This GetPage function helps you fetch paginated data, Power BI style, page by page, ensuring no records are missed.
Here are some API pagination examples that will help you fetch all pages from a REST API using Power Query.
Methods to Retrieve Pages
Now, we have a function called GetPage, and we can retrieve all pages by iterating through the pages.
Method 1: Page Count is Known
To loop through API pages, Power Query provides several methods depending on the metadata available from the API.
Steps to retrieve all pages:
- Open the Power Query Editor
- Create a Blank Query
- Paste the following code in the Advanced Editor
Code for Method 1:
let
Source = try
Json.Document(
Web.Contents(
"https://api.fiscaldata.treasury.gov/services/api/fiscal_service/v1/accounting/od/rates_of_exchange?fields=country_currency_desc,exchange_rate,record_date"
)
)
otherwise
[data = null, meta = null, links = null],
#"Page List" =
if Source = null or Source[meta] = null then
{null}
else
{1 .. Source[meta][#"total-pages"]},
#"Converted to Table" = Table.FromList(
#"Page List",
Splitter.SplitByNothing(),
null,
null,
ExtraValues.Error
),
#"Renamed Columns" = Table.RenameColumns(#"Converted to Table", {{"Column1", "PAGES"}}),
#"Changed Type" = Table.TransformColumnTypes(#"Renamed Columns", {{"PAGES", type text}}),
#"Invoked Custom Function" = Table.AddColumn(
#"Changed Type",
"GetPage",
each if [PAGES] <> null then GetPage([PAGES]) else null
),
#"Expanded GetPage" = Table.ExpandTableColumn(
#"Invoked Custom Function",
"GetPage",
{"data.country_currency_desc", "data.exchange_rate", "data.record_date"},
{"GetPage.data.country_currency_desc", "GetPage.data.exchange_rate", "GetPage.data.record_date"}
)
in
#"Expanded GetPage"
After running the query, you will get a table containing all the data from both tables.
Output:
Method 2: Page Count is Unknown; Entry Count is Known
If the total number of entries and entries per page are given but the total number of pages is not provided, then we can calculate the number of pages.
let
Source = try
Json.Document(
Web.Contents(
"https://api.fiscaldata.treasury.gov/services/api/fiscal_service/v1/accounting/od/rates_of_exchange?fields=country_currency_desc,exchange_rate,record_date"
)
)
otherwise
[data = null, meta = null, links = null],
#"Page List" =
if Source = null or Source[meta] = null then
{null}
else
{1 .. Number.RoundUp(Source[meta][#"total-count"] / Source[meta][#"count"])},
#"Converted to Table" = Table.FromList(
#"Page List",
Splitter.SplitByNothing(),
null,
null,
ExtraValues.Error
),
#"Renamed Columns" = Table.RenameColumns(#"Converted to Table", {{"Column1", "PAGES"}}),
#"Changed Type" = Table.TransformColumnTypes(#"Renamed Columns", {{"PAGES", type text}}),
#"Invoked Custom Function" = Table.AddColumn(
#"Changed Type",
"GetPage",
each if [PAGES] <> null then GetPage([PAGES]) else null
),
#"Expanded GetPage" = Table.ExpandTableColumn(
#"Invoked Custom Function",
"GetPage",
{"data.country_currency_desc", "data.exchange_rate", "data.record_date"},
{"GetPage.data.country_currency_desc", "GetPage.data.exchange_rate", "GetPage.data.record_date"}
)
in
#"Expanded GetPage"
Output:
Method 3: Both Page Count and Entry Count are Unknown
In this case, neither the total number of pages nor entries is provided, so we will use List.
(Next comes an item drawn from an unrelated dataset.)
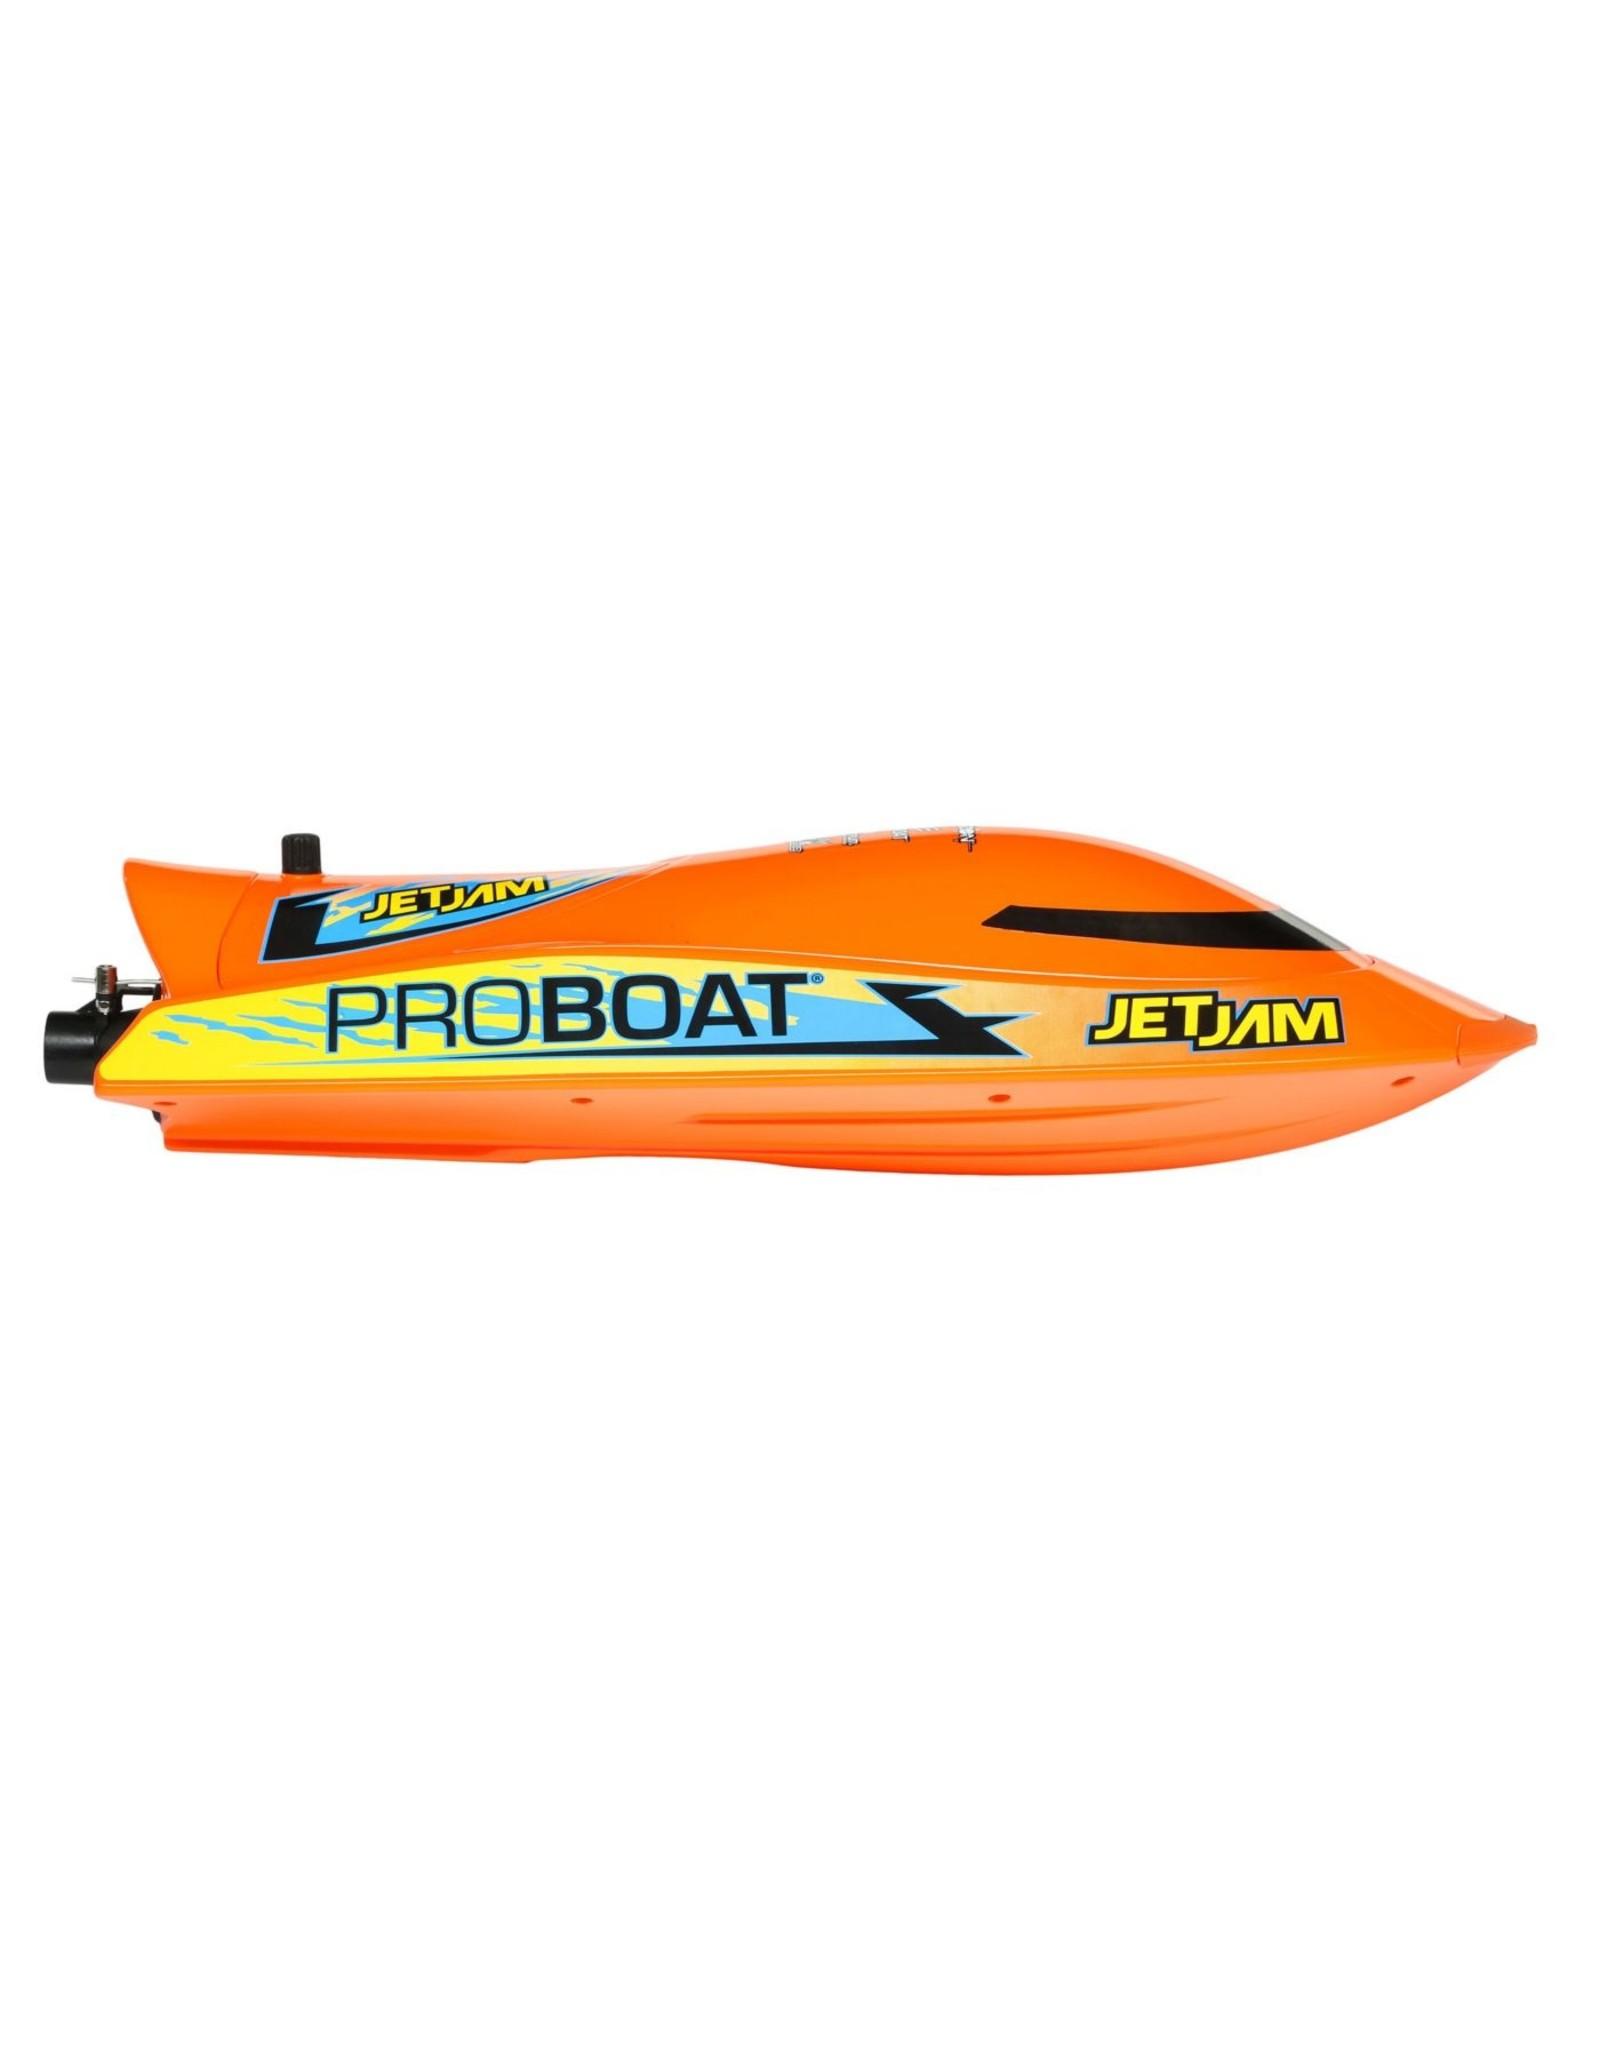 "PROBOAT PRB18019 USB Charger Jet Jam 12/"" Pool Racer RTR"

Generate to fetch pages until no data is returned.
let
Source = List.Generate(
() => [PAGE = 1, RESULTS = GetPage("1")],
each Table.RowCount(
Table.SelectRows(_[RESULTS], each not List.Contains(Record.ToList(_), null))
)
> 0,
each [PAGE = _[PAGE] + 1, RESULTS = GetPage(Number.ToText([PAGE] + 1))],
each _[[PAGE], [RESULTS]]
),
#"Converted to Table" = Table.FromList(
Source,
Splitter.SplitByNothing(),
null,
null,
ExtraValues.Error
),
#"Expanded Column" = Table.ExpandRecordColumn(
#"Converted to Table",
"Column1",
{"PAGE", "RESULTS"},
{"PAGES", "GetPage"}
),
#"Changed Type" = Table.TransformColumnTypes(#"Expanded Column", {{"PAGES", type text}}),
#"Expanded GetPage" = Table.ExpandTableColumn(
#"Changed Type",
"GetPage",
{"data.country_currency_desc", "data.exchange_rate", "data.record_date"},
{"GetPage.data.country_currency_desc", "GetPage.data.exchange_rate", "GetPage.data.record_date"}
)
in
#"Expanded GetPage"
Output:
|
Method |
Performance |
Efficiency |
Best for |
| Method 1: Page Count is known | Fastest Performance. | Directly uses total-pages metadata for looping. | Best for APIs that provide the total pages. |
| Method 2: Entry Count is known | Performance is slightly slower than Method 1. | Calculates total pages using total-count and count. | Best for APIs that provide the total count but not the total pages. |
| Method 3: Both Counts are Unknown | Performance is Slowest. | Dynamically generates pages, checking for data presence. | Best for APIs that do not provide a total count or total pages. |
Best Practices
- Check Available Metadata: Check the API’s documentation to check if metadata is present.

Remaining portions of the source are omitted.